The skewness in the healthcare data remains a challenge. From the visual analysis in Fig. 1 we observed that there is a clear presence of a high-cost group and that we systematically under predict this group, which means that it is hard to distinguish this group from other patients in advance. In line with results from Yang et al. (2018), we expected that past year service use could be used within a machine learning model to predict this group. However, random forest is not immune to the challenge of skewness. Moreover, Johnson et al. (2015) found that high-care service use can be temporary and instable at the individual patient level. This proposes a challenge in practice, because small changes in the prevalence of this group can have a high impact on agreed budgets between financers and suppliers (Eijkenaar & van Vliet, 2017).
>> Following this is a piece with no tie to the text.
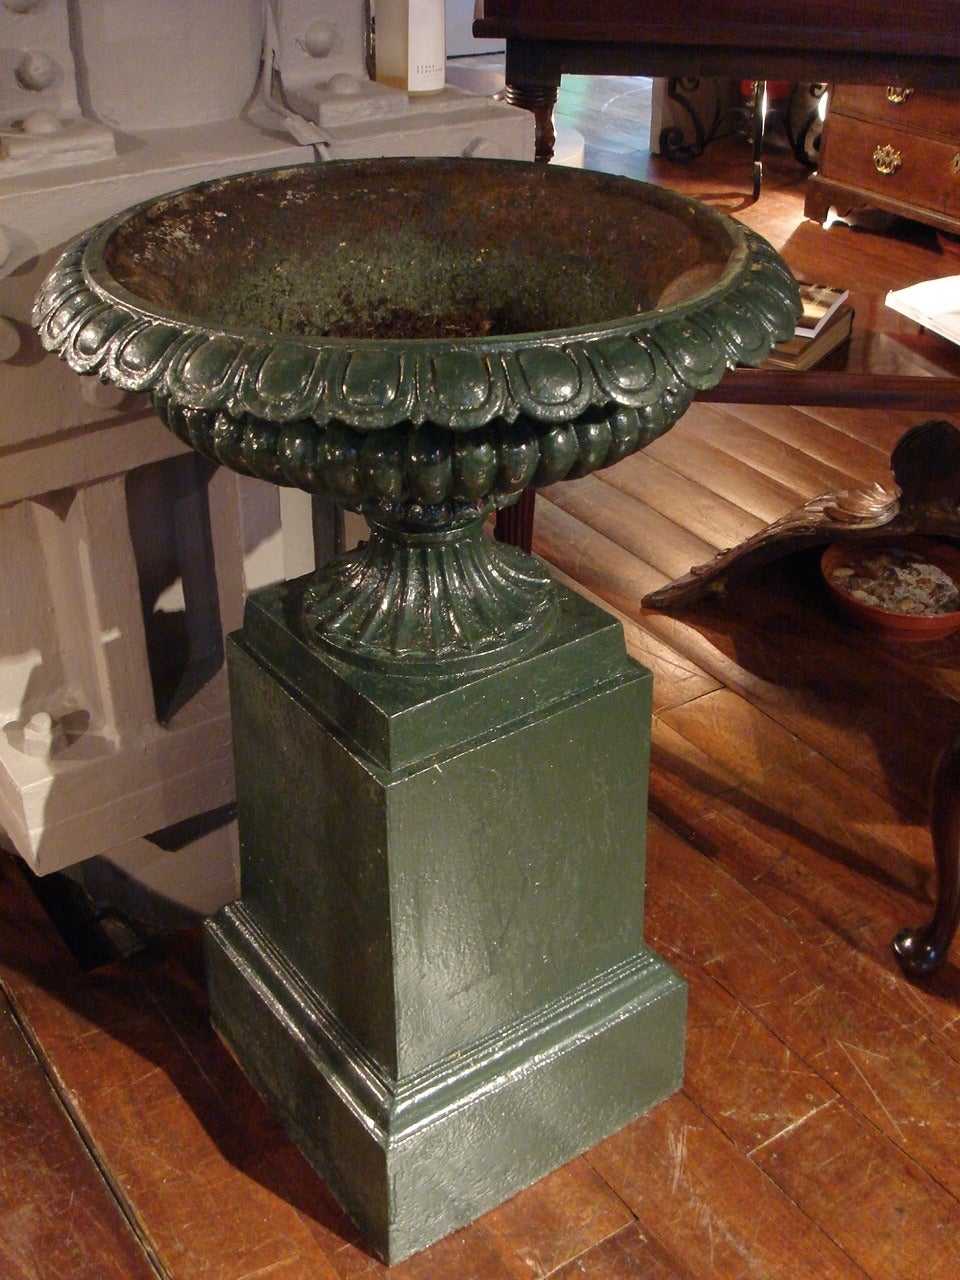 Of classical circular tazza form on square bases, painted a dark green.

An important finding in the variable importance was that ROM-measurements appeared more important predictors than predictors capturing DSM-IV criteria. Therefore, we should look beyond the DSM-IV criteria when creating predictive models. The data in model2 substantially improved performance over model1, which means that predictive tools should also aim to incorporate features about past service use, such as volume or the presence of acute care in the near past. This is in line with another Dutch study in which past service use has been proven to improve predictive performance (van Veen et al., 2015). Data from model3 improved performance, which means that using information from the first 2 months of treatment is valuable in predicting service use for the remaining duration of the DRG.

Limitations

The most important limitation is that data from only one organization was used. In order to further analyze the implication on national healthcare policies, a multisite research should be conducted. Second, our analyses are based on real-world registration data, which are limited in data quality. Furthermore, we did not have access to all data in the EHR and were dependent on the available data that could be automatically extracted from the data warehouse. Therefore, potentially predictive information such as medication use could not be used as input features. In this study we only applied a random forest algorithm and did not compare the results to other machine learning algorithms. A random forest is relatively simple and flexible, such that the method can be easily replicated by other researchers. However, a more complex algorithm could potentially improve predictive accuracy.

Strengths

The major strength of this paper is that we used a machine learning approach on a large available dataset from a mental healthcare organization. We chose to predict the number of hours instead of the price in Euros to make the model more applicable to other types of financing systems based on treatment sessions or hours. As to our knowledge, this is one of the few articles using a machine learning approach, with a train-test design, to predict a skewed numeric outcome. Predictions could be further improved with data from other institutions, such as insurance claim data. Furthermore, implementing such machine learning models in mental healthcare contributes to transparency of service use and reduces uncertainty in financial risk for healthcare financiers and suppliers.

Conclusion

The application of machine learning techniques on mental healthcare data might be useful to forecast expected service use on the group level. The results indicate that these models support healthcare organizations and financiers to reach agreements on annual budgets. Broader multisite research is needed to develop a national model. Nevertheless, uncertainty in the prediction of high-cost patients remains a challenge in the allocation of resources.